Devlet Denetleme Kurulu’nun iddiaları tüm yönleriyle araştırması ve sürecin telafisi imkânsız sonuçlara yol açmaması için hızlı, şeffaf ve etkili bir soruşturma yürütülmesi gerekmektedir. KPSS soru kitapçıklarındaki soruların tamamı yayınlanmalı, başka yayınevlerinin sorularının da kitapçıklarda yer alıp almadığı araştırılmalıdır!

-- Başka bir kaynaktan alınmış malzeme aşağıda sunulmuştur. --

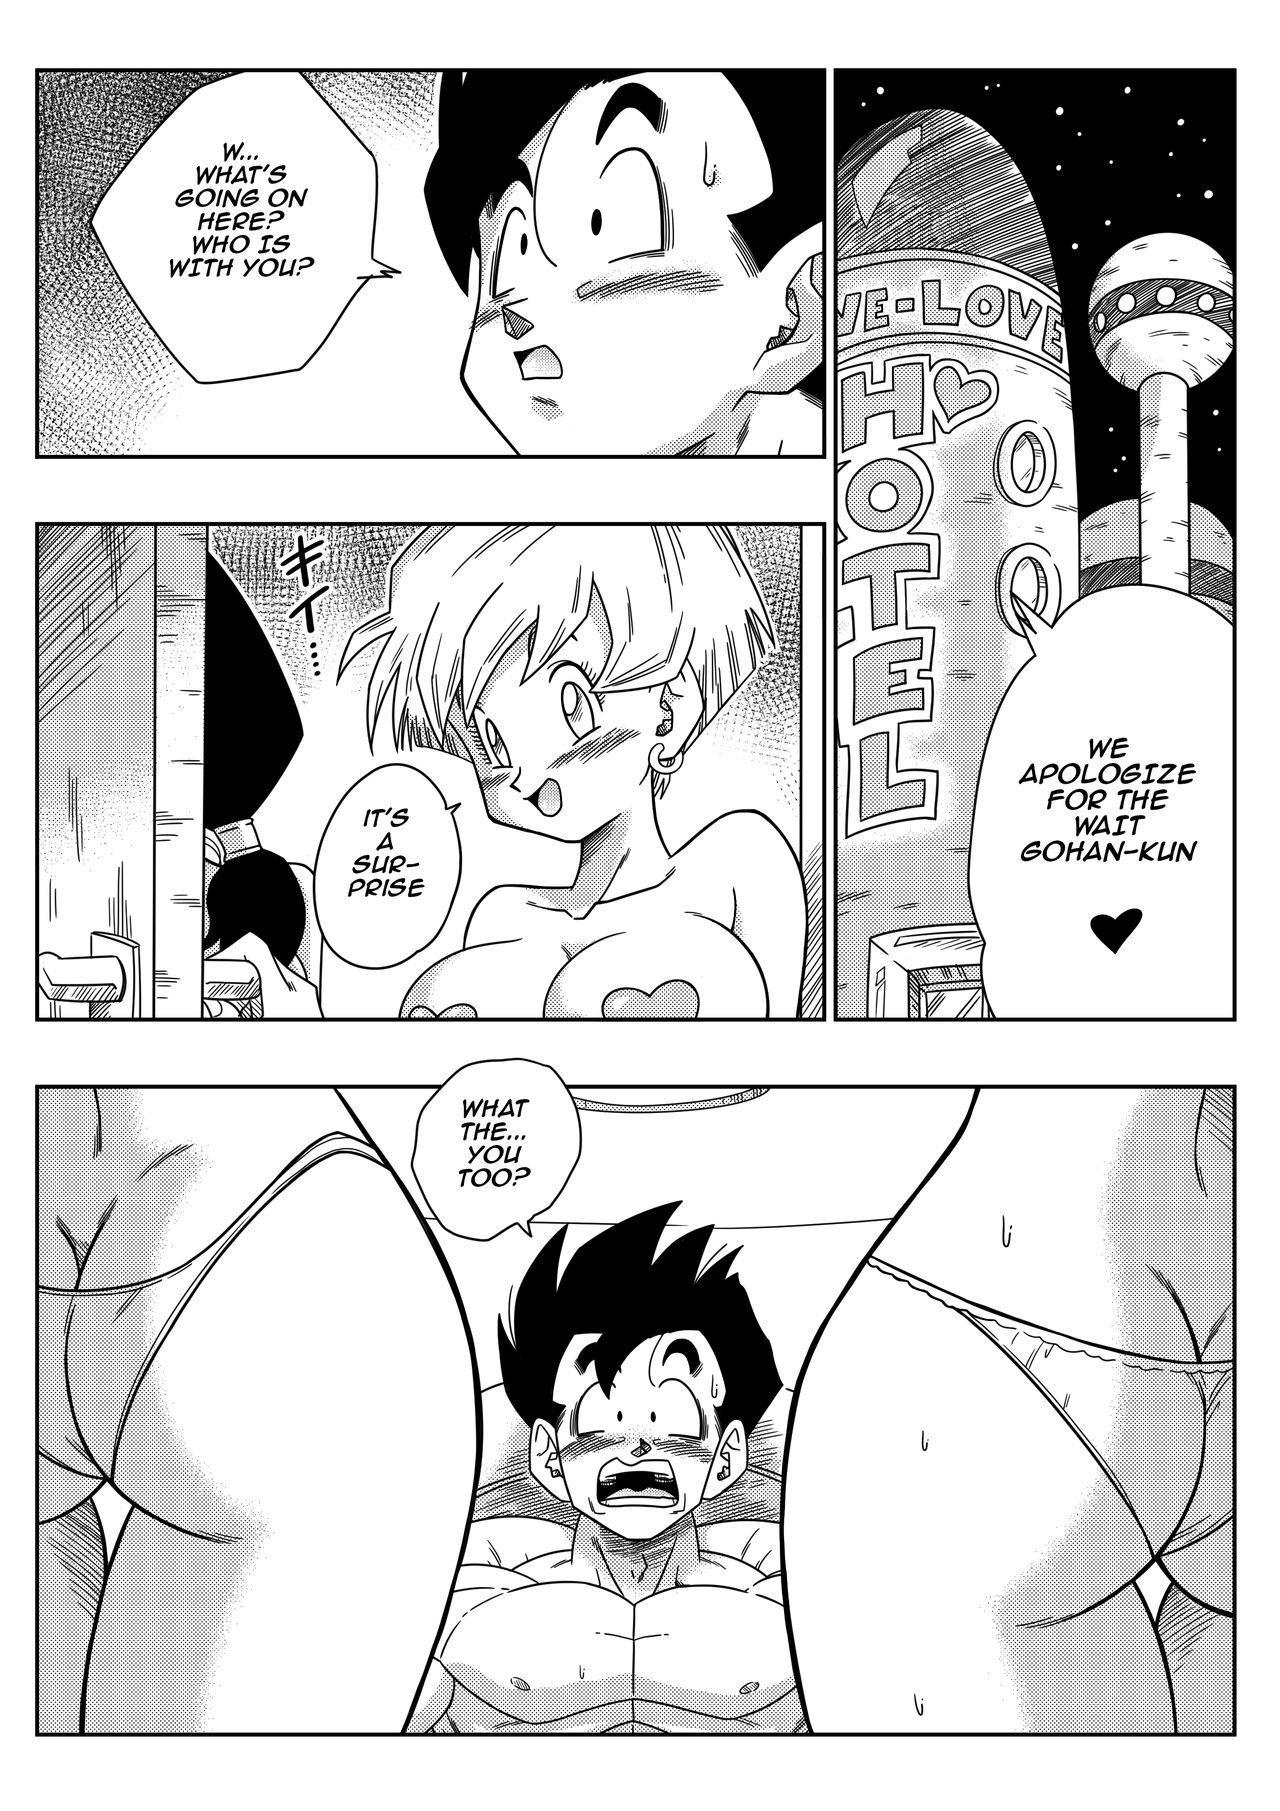 [Yamamoto] LOVE TRIANGLE Z PART 2 - Takusan Ecchi Shichaou! | LOVE TRIANGLE Z PART 2 - Let's Have Lots of Sex! (Dragon Ball Z) [English] 3

Söz konusu skandalların bir yönetim aklının sonucu olduğu unutulmamalıdır. Bu nedenle ÖSYM’nin işini gereğiyle yapamamasına neden olan atamalar, yürütülen ihale süreçleri ve yapılan mevzuat değişiklikleri de TBMM’de kurulacak bir araştırma komisyonu tarafından incelenmelidir. Ankara Cumhuriyet Başsavcılığı konuyla ilgili soruşturma başlatmalı, geçmişte olduğu gibi “şifre var ama kopya yok” gibi gerekçeler üretmek yerine, aklımızla dalga geçmeyen, gerçeklerin tüm yönleriyle kamuoyuyla paylaşıldığı adli bir süreç işletmelidir.
Hakikat ortaya çıkana kadar bu konuyu yakından takip edeceğini belirten Eğitim Sen, “Söz konusu şaibeler nedeniyle kamuyu zarara uğratan, görevinde ihmali bulunan ve görevini kötüye kullananların hukuk önünde de hesap vermesi amacıyla suç duyurusunda bulunulacaktır” dedi.